The Cahiers de Defile immortalise every element, from earliest emotional responses through to even the show invitation and topography of each show’s venue, recalling the intricate choreography of the models as the collection debuts. These intensely private and personal documents, comprising a “collection of collections”, are shown in this gallery for the first time in their entirety.

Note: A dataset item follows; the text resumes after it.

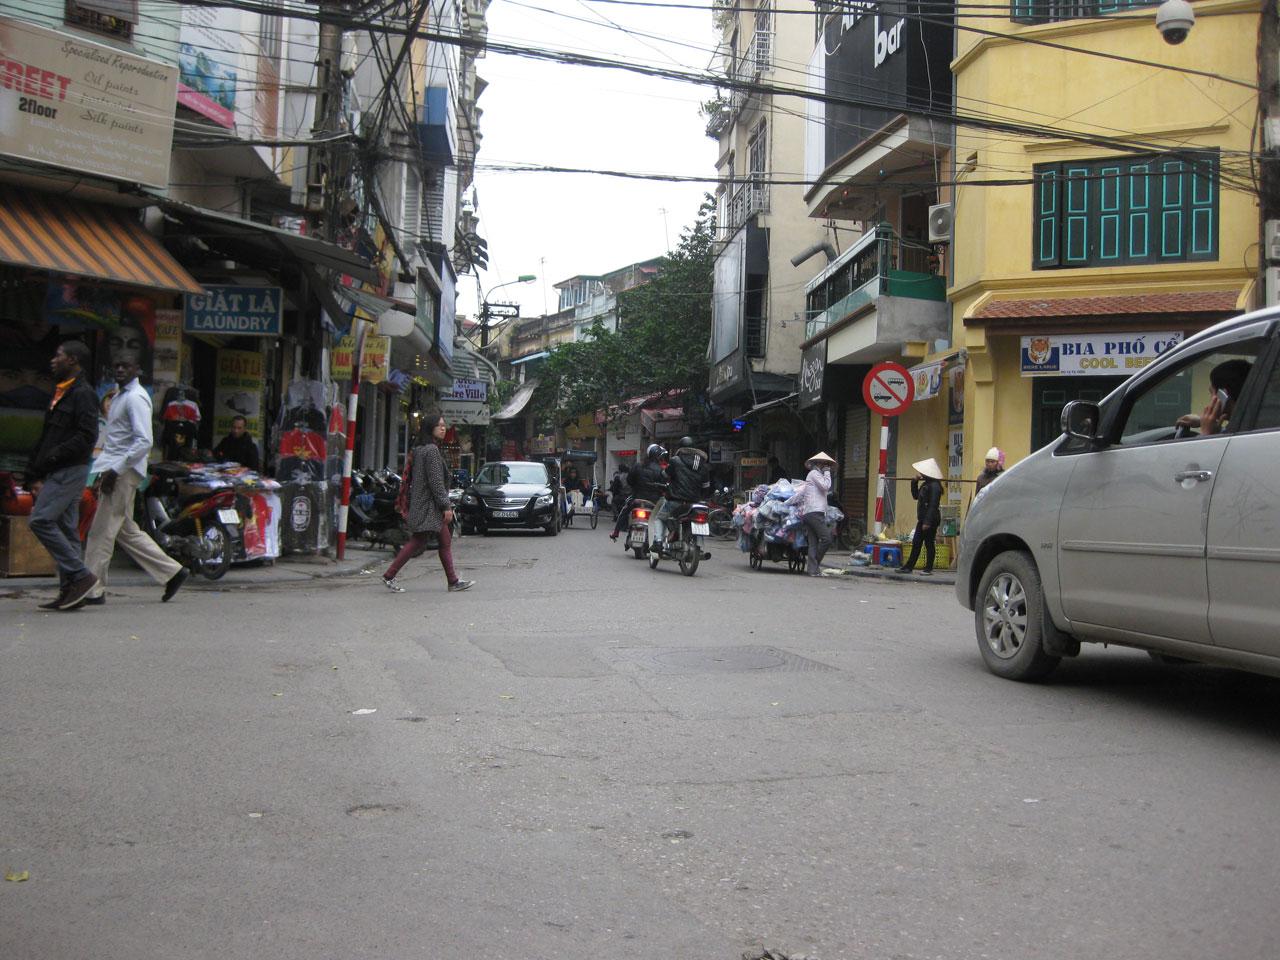 Bia hoi corner in Hanoi's Old Quarter, Vietnam

Alongside the process are the results. A selection of outfits has been drawn from Piccioli’s collections since 2016, exemplifying the exuberant colour sense, audacious volumes, daring proportions, and brave challenges to the convention that characterise his influential work. Many displayed pieces comprise the collection’s first or final looks, the powerful opening and closing aesthetic statements of their season.

Roman Conversations

A Roman landmark both philosophically and physically close to Valentino, the rococo grandeur of the Spanish Steps has served as a theatrical backdrop to some of Valentino’s most triumphant moments. A place of rendezvous, alive every day, this monument is naturally aligned with the procession of a fashion show. It has, thus, been an inspired setting for the showcase of the Maison’s designs for decades—most recently Pierpaolo Piccioli’s Valentino The Beginning Haute Couture show.

The Spanish Steps represent diverse views of Rome—a city of ancient imagination and modern fable that is immortalised and reimagined through the lens of cinema, architecture and art. And of Valentino. Reimagined as a spectacular podium, these steps are a vantage point to view another series of exchanges and conversations between the work of Valentino Garavani and Piccioli. Over fifty Haute Couture ensembles are showcased in striking contrast and harmonious discourse. And through this visual debate, they are engaged in a pure expression of colour, representing a spectrum of creativity.

Colour has always been a vital component of Maison Valentino. Red is its signature, but the joyous conveyance of feeling through specific shades exists throughout the Maison’s history.